Google reveals lightning-fast AI training method.



New AI Training Technique Is Drastically Faster, Says Google

TLDR:

Google researchers have developed a new AI training method called JEST that is up to 13 times faster and 10 times more efficient, reducing computational resources and potentially lowering energy demands in AI development.

New AI Training Technique Is Drastically Faster, Says Google

Google’s DeepMind researchers have unveiled a new method to accelerate AI training, significantly reducing the computational resources and time needed to do the work. This new approach to the typically energy-intensive process could make AI development both faster and cheaper, according to a recent research paper—and that could be good news for the environment.

The study introduces the “multimodal contrastive learning with joint example selection” (JEST) approach, which surpasses state-of-the-art models with up to 13 times fewer iterations and 10 times less computation.

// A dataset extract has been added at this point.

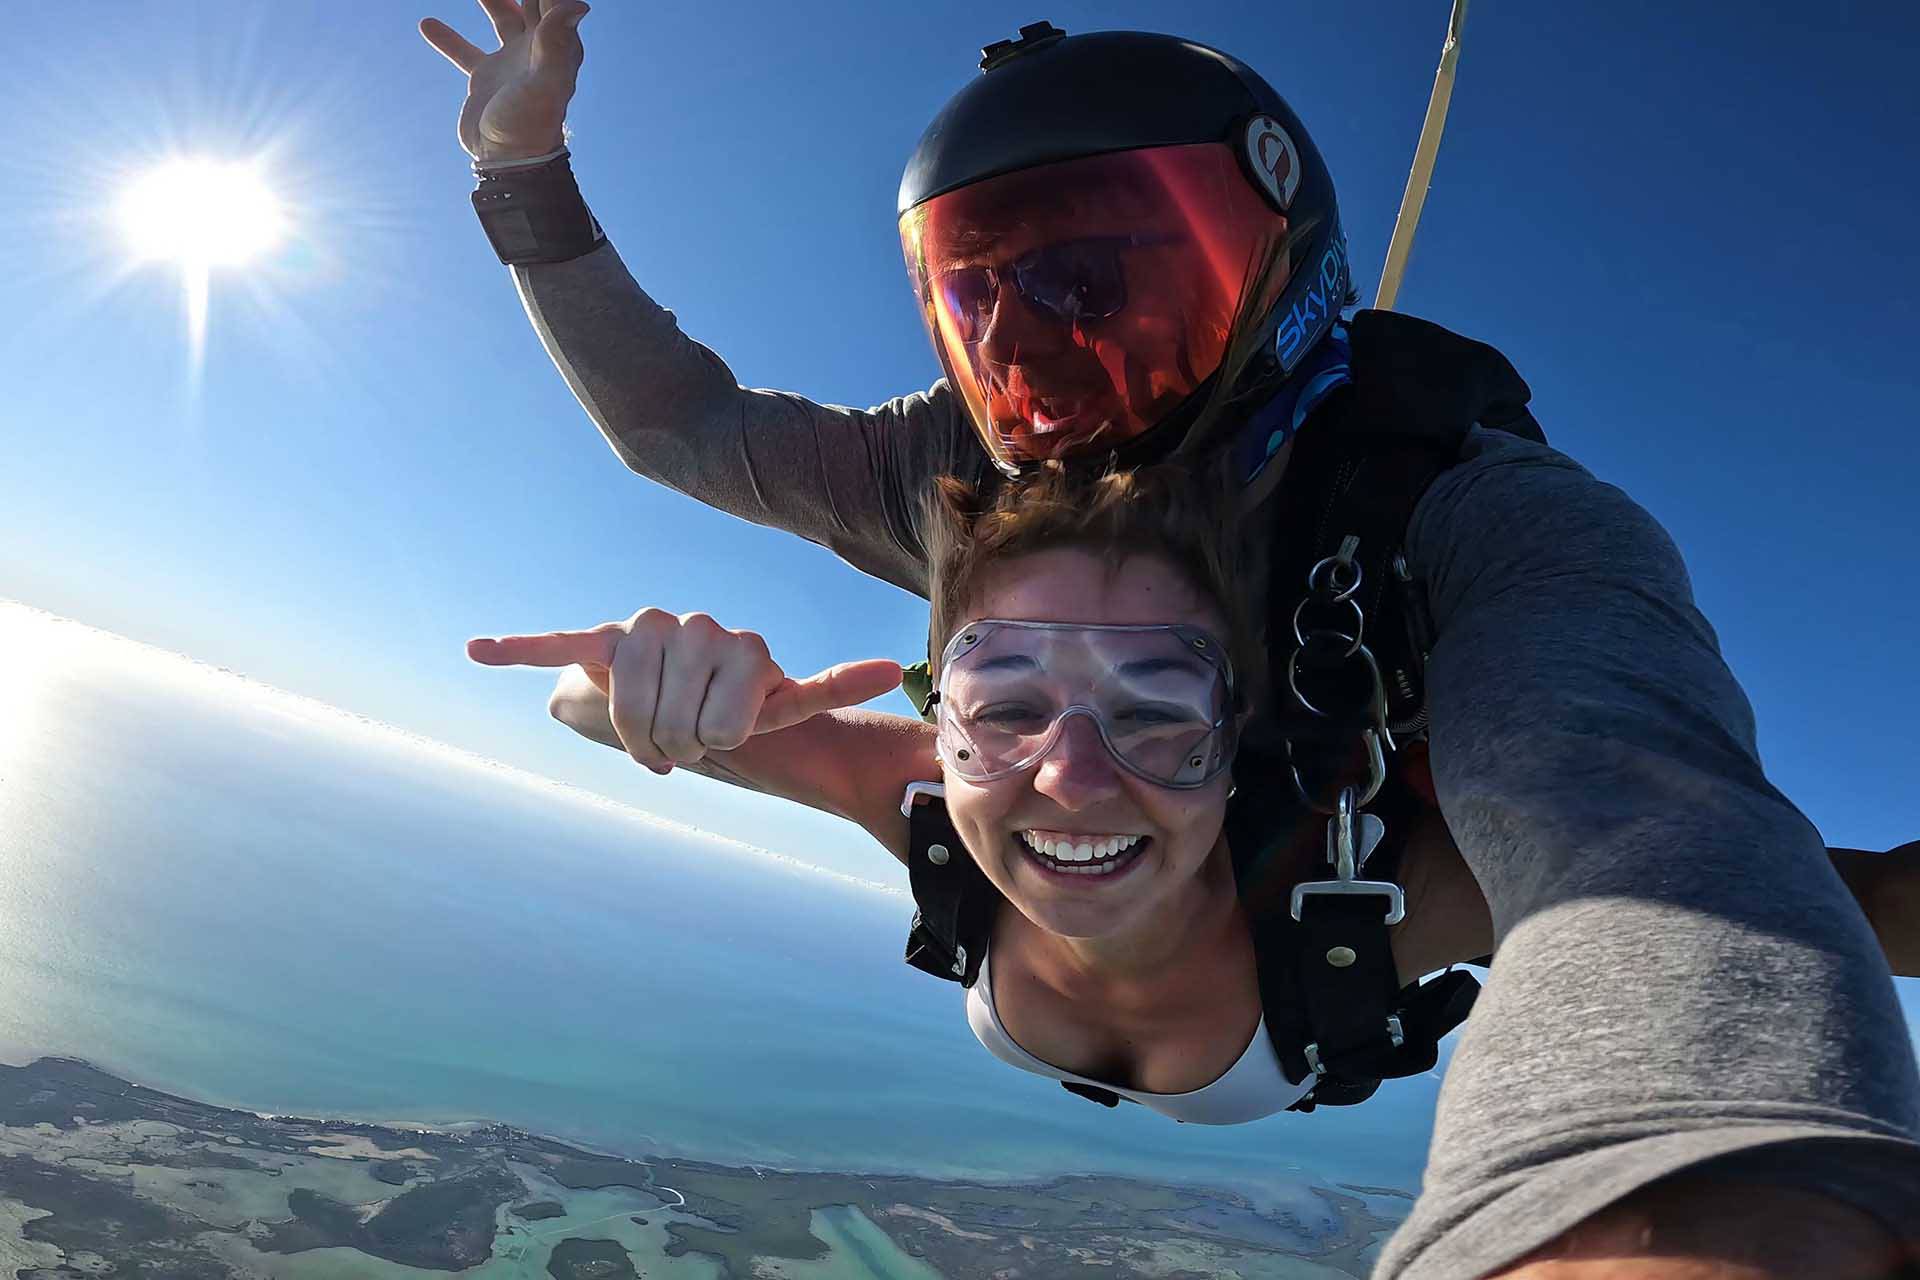 Woman smiles during her jump at Skydive Key West

Large-scale AI systems like ChatGPT are known for their high energy consumption, demanding major processing power and water for cooling. However, the JEST approach optimizes data selection for training, reducing the number of iterations and computational power required to train models, potentially lowering overall energy consumption.

How JEST works

JEST operates by selecting complementary batches of data to maximize the AI model’s learnability. This method considers the composition of the entire dataset, unlike traditional approaches that select individual examples independently. By using multimodal contrastive learning, the JEST process identifies dependencies between data points, improving the speed and efficiency of AI training while requiring less computing power.

The key to the approach is starting with pre-trained reference models to steer the data selection process, allowing the model to focus on high-quality datasets. The study’s experiments demonstrated significant performance gains, particularly in learning speed and resource efficiency when training on benchmark datasets like WebLI.